At  11-months we noticed his first seizure.  Looking back now, he was having seizures since the early days of his life.  He was started on epilepsy medicine to control the seizures  and we thought we would be good.  Over the years the types of seizures that impact him have changed as has the medicines used to help control them.  Today he takes three seizure medicines along with pills to regulate his mood., behavior and address the sleep disorder.  With all this, we still notice seizures every day.   

To help figure out the "why,"  we traveled to specialists in New York, Cleveland, Pittsburgh, Baltimore and the National Institutes of Health.  He underwent EEGs, MRIs, Sleep Studies, Spinal Taps, muscle biopsies and gallons of blood tests.  For 17 years we were offered many theories but no answers.
   
It was not until 2017 that a genetic test pinpointed his issue - a splice deletion of the SYNGAP1 gene.  After 17 years of treating his "problems" we had identified the "why."   

Genetic science is advancing at a staggering pace.  Tommy's first genetic test in 2000 checked six genes, in 2017 the test checked 20,000 genes.    The research to discover these genes and the problems the cause is only possible through funding from grants and donations.  Tommy's SYNGAP disorder is rare.  There are around 500 documented cases in the world (two in Virginia).  

This year, 2/29/2020 is Rare Disease Day and I am asking for your help to fund research to understand SYNGAP and work toward treatments and, in time, a cure.  To do so I have joined "Bridge the Gap - SYNGAP Education & Research Foundation."  This non-profit was started by parents of SYNGAP patients to provide information, answers and most importantly mutual support for families.    

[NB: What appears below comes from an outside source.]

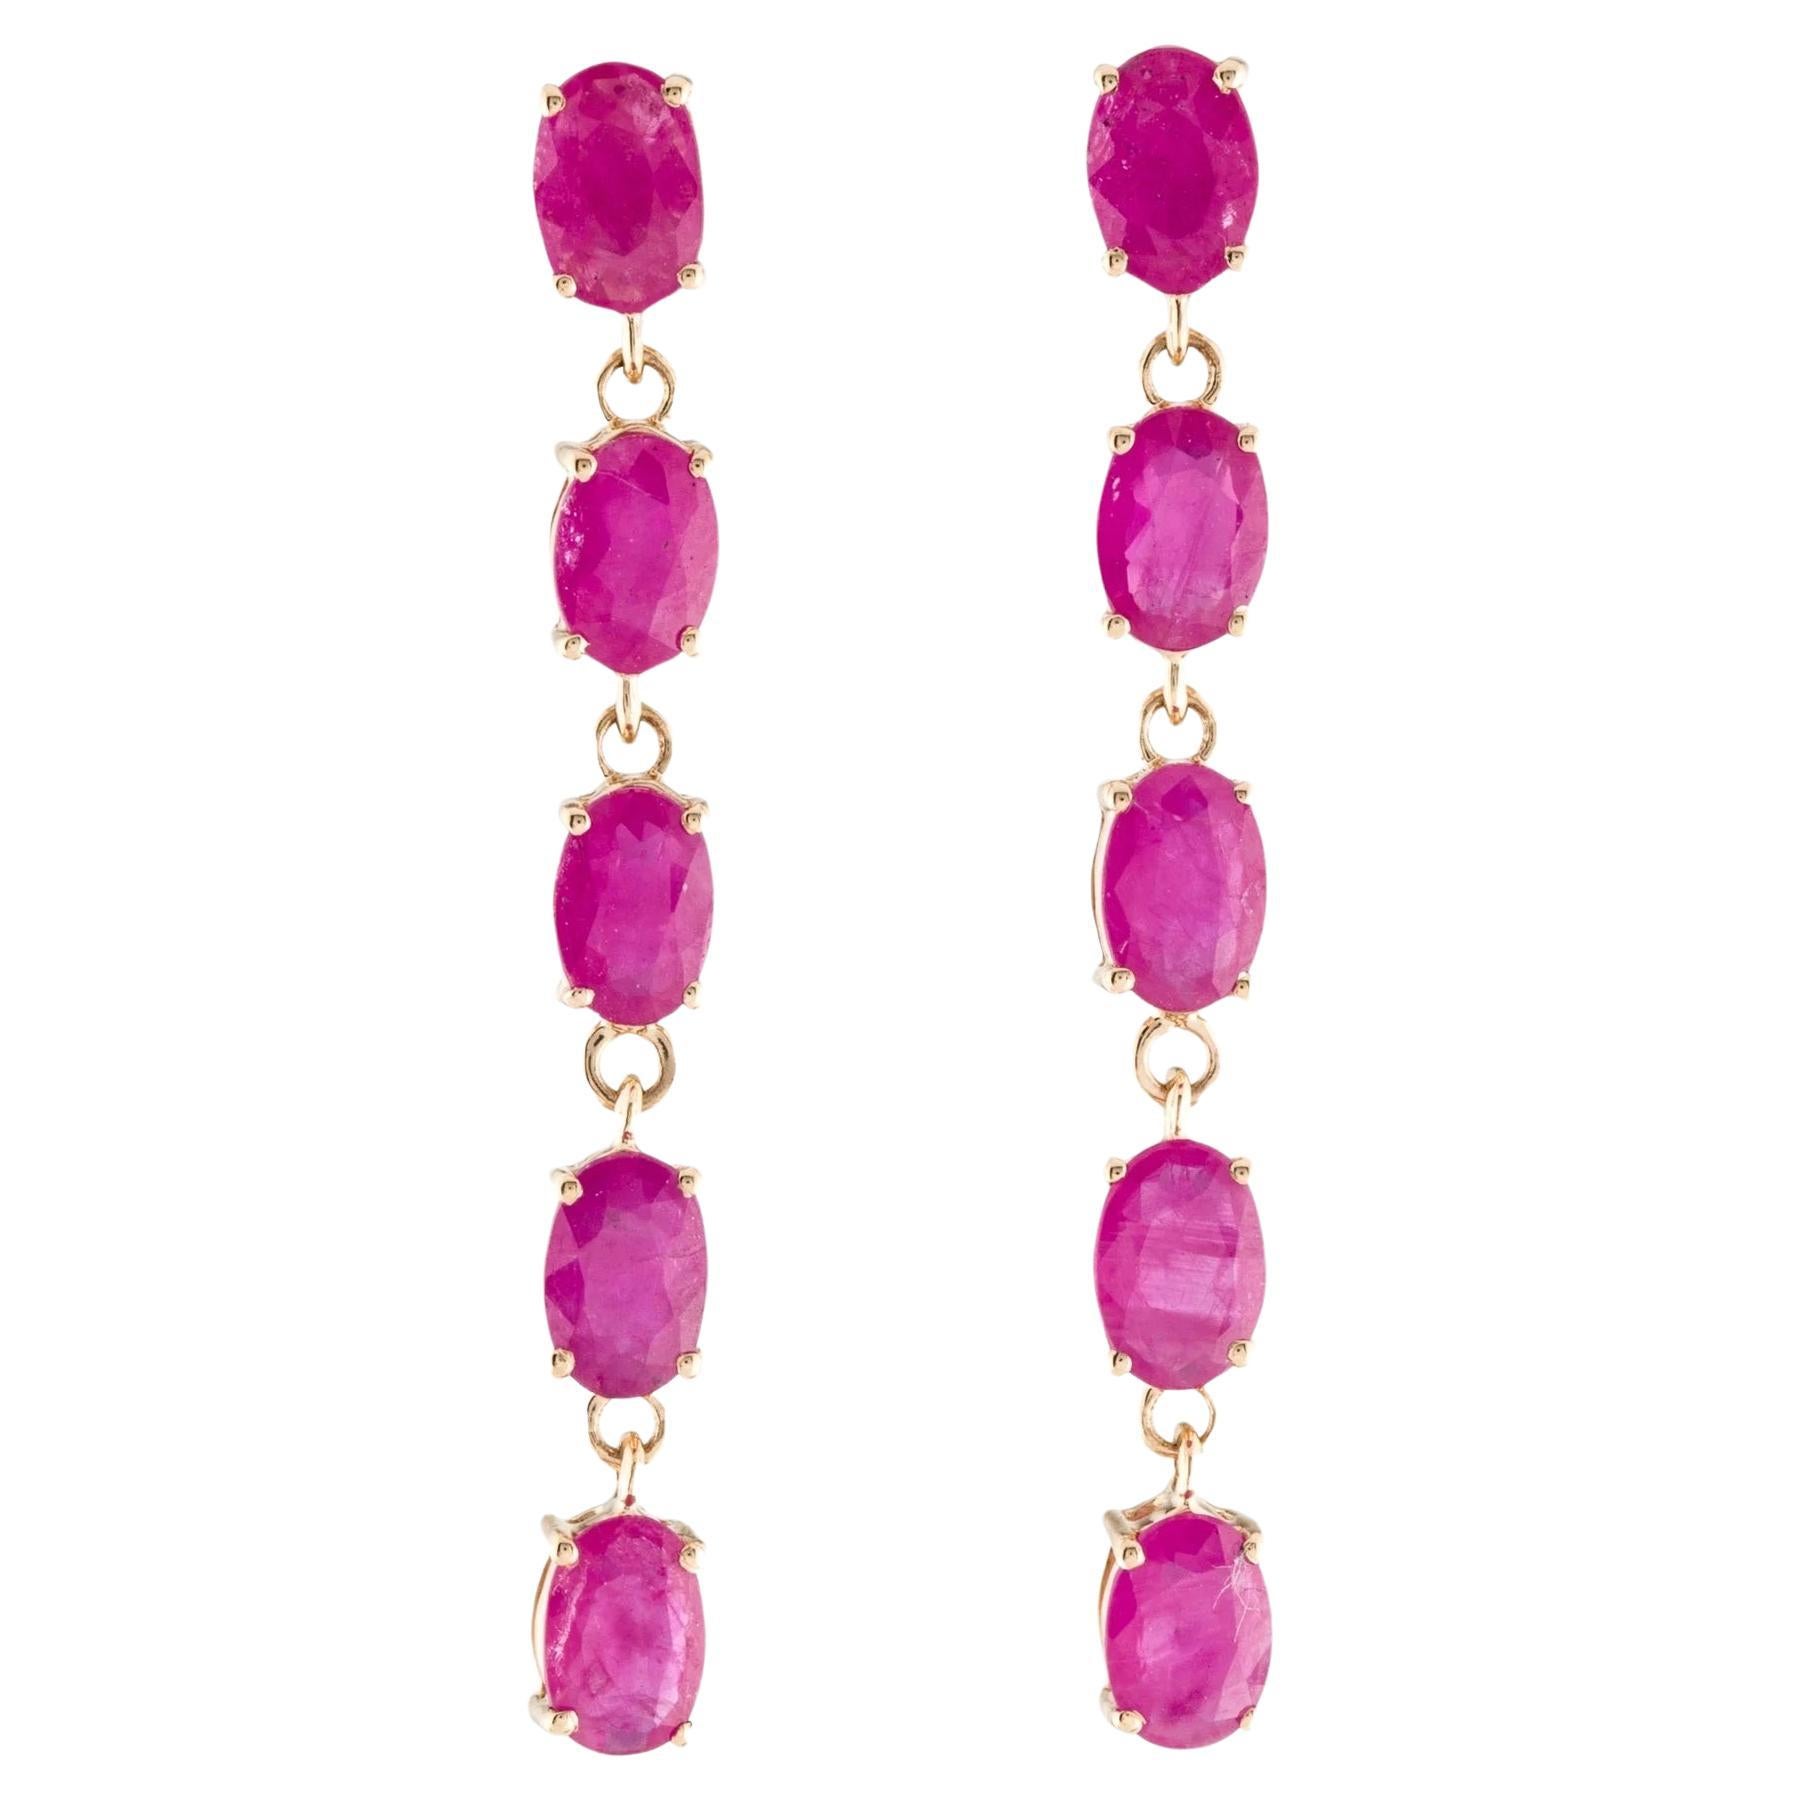  Stunning 14K Yellow Gold Earrings with 4.00 Carat Oval Ruby For Sale

Tommy is a happy and joyful young man.  Every day of his life he faces difficulties that I can not begin to imagine.  Through it all he smiles, laughs and brings our family great joy.  Please consider a donation to this organization in honor of  Rare Disease Day. 

More information about Bridge the Gap - SYNGAP Education & Research Foundation: Our mission is to serve, educate and fund research for families coping with the effects of Synagp mutations. Our international outreach for Syngap children gathers critical information needed to drive research towards more immediate therapeutic solutions. Our goal is to improve the quality of life for people affected by Synagp, provide family support, accelerate research and raising awareness. For every family and every child with SYNGAP provides information that can guides us to a cure.